- Born: 7 May 1768 Rockfleet Castle, County Mayo
- Died: 9 January 1828 (aged 59) Killaloe, County Clare
- Occupation: Bishop of Killaloe and Kilfenora
- Term: 1823–1828
- Predecessor: Richard Mant
- Successor: Hon. Richard Ponsonby
- Spouses: Susanna Bingham,; Margaret Phoebe Bingham;
- Children: (1) Major-General (hon.) George Bingham Arbuthnot, (2) Sir Alexander John Arbuthnot, KCSI and (3) General Sir Charles George Arbuthnot
- Relatives: Son of John Arbuthnot of Rockfleet; Brother of Charles Arbuthnot and General Sir Thomas Arbuthnot and General Sir Robert Arbuthnot

= Alexander Arbuthnot (bishop) =

Irish Anglican bishop (1768–1828)

Alexander Arbuthnot (7 May 1768 - 9 January 1828) was the Anglican Bishop of Killaloe and Kilfenora in the then-established Anglican Church of Ireland.

He was born in Rockfleet Castle, County Mayo, Ireland, the son of John Arbuthnot of Rockfleet. Among his siblings were the Right Honourable Charles Arbuthnot and General Sir Thomas Arbuthnot.

Arbuthnot was ordained a priest at Limerick on 2 November 1794, made vicar of Annaghdown and Killascobe in 1801 and rector of Crossboyne and Kilcoleman in 1808. He served as Archdeacon of Aghadoe (1809–1816) and Dean of Cloyne (1816–1823), before being elevated to the episcopy as Bishop of Killaloe and Kilfenora (1823–1828).

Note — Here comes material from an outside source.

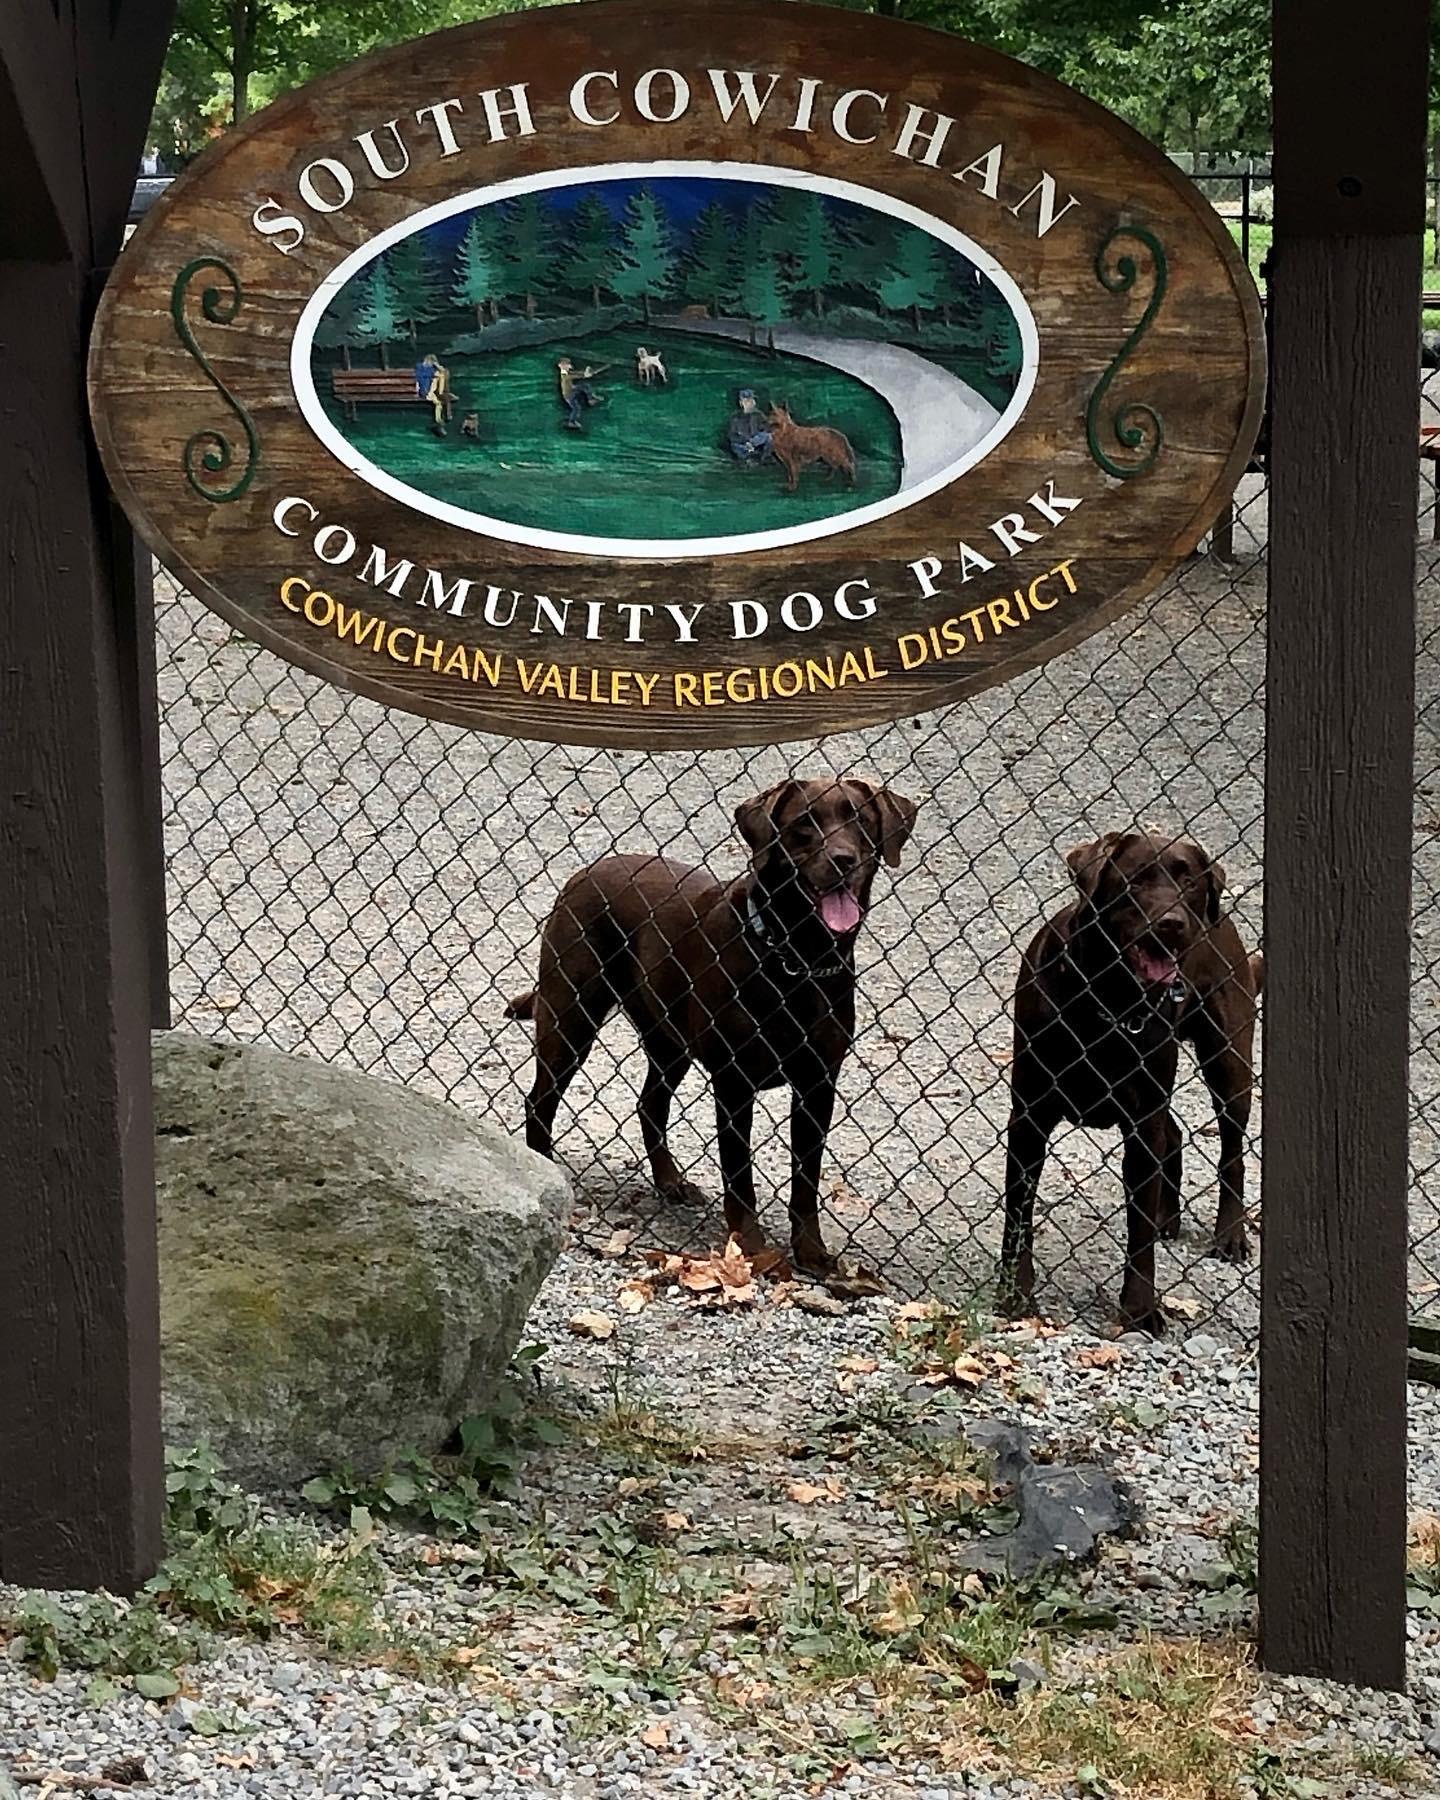 Pet Friendly South Cowichan Community Off-Leash Dog Park

He died in Killaloe in County Clare and is buried in the church-yard of his cathedral there. Alexander had married twice: first, on 31 March 1798, Susanna Bingham, daughter of General George Bingham (uncle of Charles Bingham, 1st Earl of Lucan) of Antigua/Lisnageeha, just outside Castlebar, County Mayo; and secondly (in a service performed by the Archbishop of Tuam at St. Peter's Church, Aungier Street, Dublin), on 5 May 1819, Margaret Phoebe Bingham, daughter of Mr Bingham (Alexander's first wife's uncle). Among his children were Major-General (hon.) George Bingham Arbuthnot (who had issue including Major-General George Alexander Arbuthnot), Sir Alexander John Arbuthnot and General Sir Charles George Arbuthnot.